CenturyLink and Frontier Communications said a draft FCC business data service order would "unduly affect mid-size ILECs ... in ways that would be deeply harmful" to investment in broadband connections and jobs. The commission must "carefully consider the current state of market competition in how it implements any reform to existing grants of Phase II pricing flexibility, noting the particularly competitive nature of the transport market," said the two telcos in a filing posted Wednesday in docket 16-143 on a meeting with an aide to Commissioner Jessica Rosenworcel. In a meeting with the same aide, BT Americas asked the FCC to strengthen enforcement of packetized BDS rates offering data speeds of 50 Mbps or less, it wrote. "The Commission should require carriers filing price caps for TDM services to also file proof with the Commission that the weighted average of their posted Ethernet service rates 50 Mbps and under -- each carrier’s Actual Price Index (API) -- is below a Price Guideline Index (PGI) set by the Commission." Although the mechanism wouldn't constitute price-cap regulation and carriers wouldn't file tariffs for those services, BT said, "in a complaint proceeding, if a complainant could show that the API exceeded the PGI for the Ethernet services at issue, then there would be a presumption that these Ethernet prices charged by the seller were unjust and unreasonable." An Ad Hoc Telecommunications Users Committee filing said the FCC "must treat low-speed Ethernet services" (under 100 Mbps) "no differently than TDM-based DS1 and DS3 services," which the draft proposed to subject to price-cap regulation and cuts. In a filing on meetings with aides to Commissioners Mike O'Rielly, Mignon Clyburn and Ajit Pai, Consolidated Communications said that proposed BDS rate cuts should be prorated for ILECs that have been price-cap regulated for only a few years under an FCC order adopting an industry CALLS (Coalition for Affordable Local and Long Distance Services) access-charge proposal. Commissioners tentatively plan to vote on a BDS item Nov. 17 (see 1610270054).
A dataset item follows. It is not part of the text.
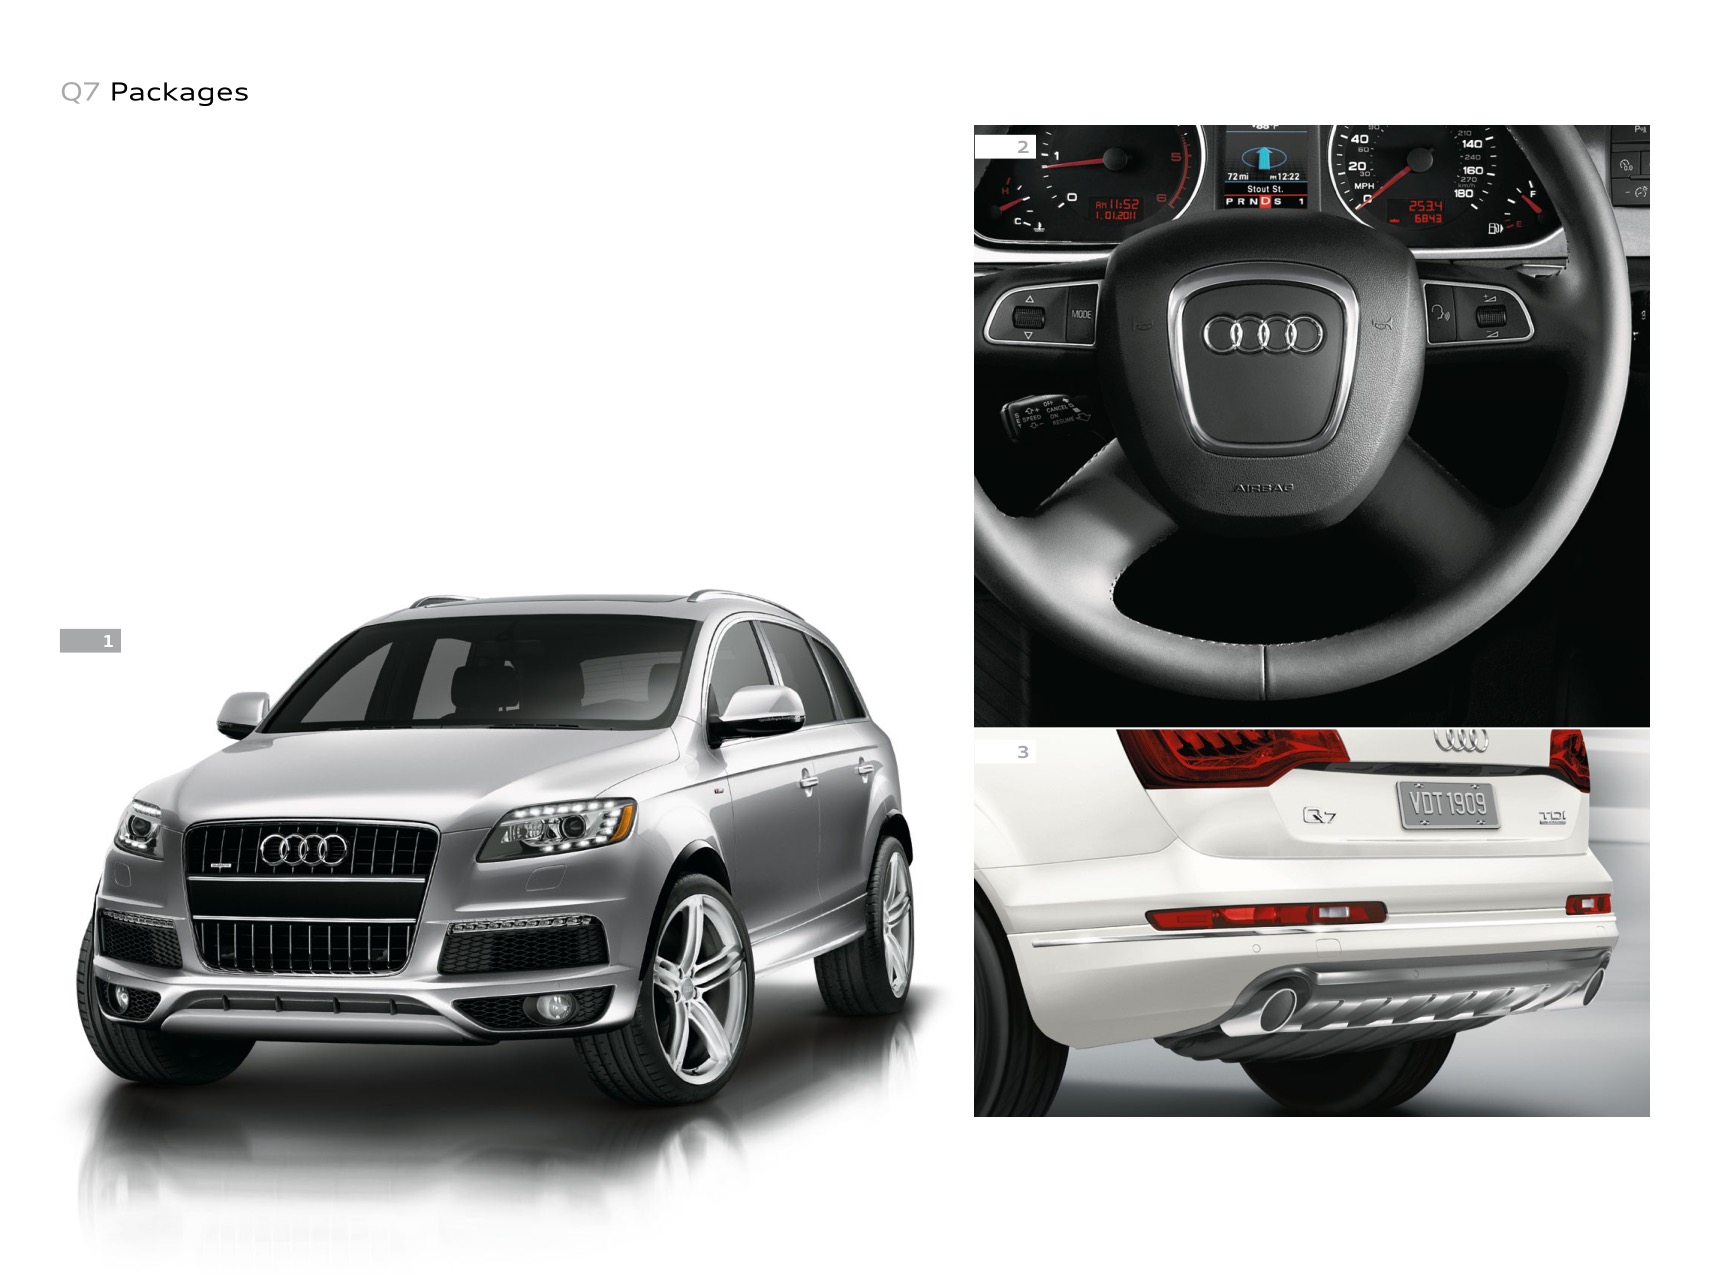 2011 Audi Q7 Brochure Page 22

Comcast, Charter Communications, Cox Communications, Mediacom and many smaller cable companies and others challenged areas where CenturyLink plans to offer broadband using incremental Connect America Fund Phase 1, Round 2 subsidy support, according to filings in FCC docket 10-90. Competitors had until Monday to tell CenturyLink they provided unsubsidized service in the 9,703 census blocks where the telco plans to offer the subsidy-supported broadband (see 1609230056). The phone-service provider didn't comment Tuesday.